Target and other retailers are trying to better reach more shoppers via delivery services such as Instacart.
The pandemic has made frontline workers out of food retailers and grocery delivery drivers. But an effort in Seattle to mandate premium pay for those drivers has already run into serious resistance from Instacart.
A bill before Seattle’s City Council would require those delivery services to pay $5 per delivery or trip, a program that could last as long as March 3, 2023.

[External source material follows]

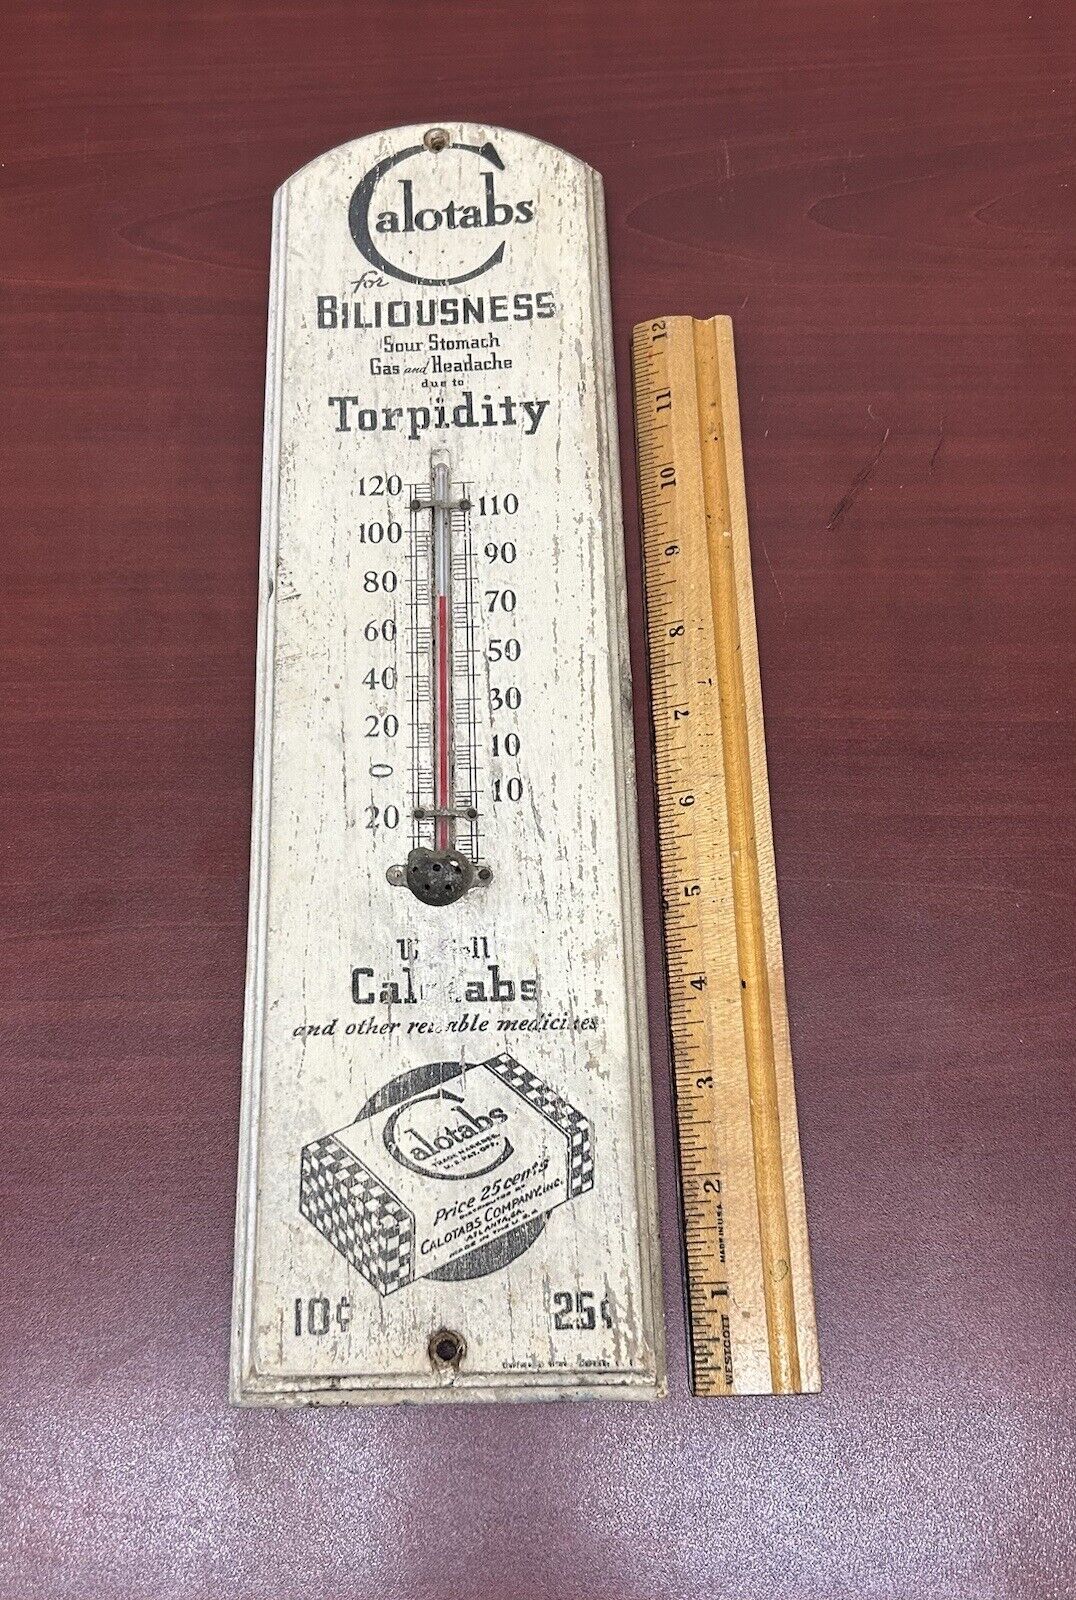 Vintage 1940's CALOTABS DRUGSTORE PHARMACY ADVERTISING WOODEN THERMOMETER SIGN

“Gig workers working for food delivery network companies and transportation network companies bear the brunt of the time and expenses necessary for cleaning and disinfecting equipment and engaging in other efforts to protect themselves, customers, and the public from illness,” according to the bill, CB 119799. “Premium pay, paid in addition to regular wages, is an established type of compensation for employees performing hazardous duty or work involving physical hardship that can cause extreme physical discomfort and distress.”
Hazard Pay Programs
As of Monday afternoon, the bill was on the agenda for Monday’s city council meeting, scheduled for 5 p.m. EDT. The move to offer such pay comes as some food retailers either have pulled back or extended their own premium pay pandemic programs for their own workers. Additionally, the bill represents part of a larger fight between gig economy companies and local and state governments over how to better protect those employees, and how to classify the nature of their labor relationships.
In Seattle, “the legislation prohibits companies from passing the $5 premium pay onto customers,” according to a statement from two council members who introduced the proposed law in late May. This proposed pay would be “separate and apart from drivers’ regular pay, commissions, bonuses and tips. When providing the premium pay, hiring entities would include notification of online orders that qualified for the pay and itemize the pay separately from other compensation.”

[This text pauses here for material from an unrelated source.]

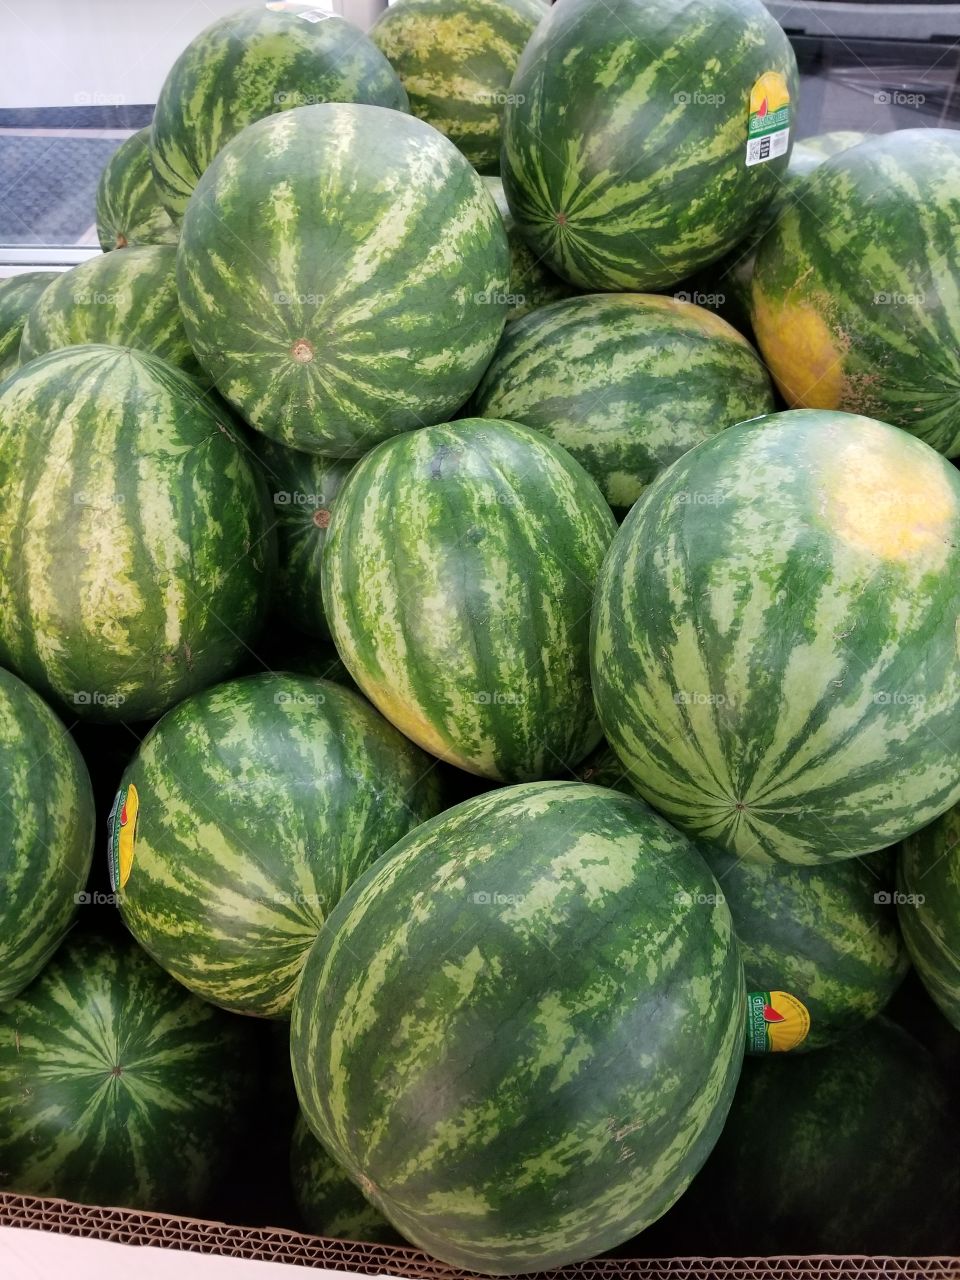 Watermelons  for the summer yummy

While the law would apply to more delivery providers than just Instacart, it has reportedly come out hard against the proposal, including sending of opposition messages to local customers. Uber and Lyft also have expressed opposition, though Instacart has apparently taken the lead in saying such a law could cause reduction of services in Seattle. In a statement made to GeekWire, for instance, Instacart said “the City Council could eliminate the only affordable and accessible grocery and prescription drug delivery service in Seattle, take away flexible earnings opportunities for 5,500 people, and threaten the economic future of more than 90 neighborhood and regional stores trying to serve customers.”
Home delivery of food and groceries keep expanding during the pandemic, with perhaps the most recent example coming from CVS, which now works with DoorDash to offer same-day home deliveries of health, beauty and wellness products. As that happens, consolidation continues in the broader food delivery space.

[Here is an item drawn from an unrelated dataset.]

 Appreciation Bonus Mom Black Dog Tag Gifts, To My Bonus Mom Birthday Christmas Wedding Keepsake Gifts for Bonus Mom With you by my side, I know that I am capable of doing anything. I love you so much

As for San Francisco-based Instacart, it recently won $225 million in funding to scale its operations as it races to keep up with unprecedented shopper demand for online grocery. Instacart’s share of grocery pickup and delivery sales jumped to 55% in the third week of May, up from about 30% in February, according to research firm Second Measure. According to Instacart, its order volumes have surged as much as 500% over the past few months as shoppers have migrated to shopping for groceries online during the pandemic.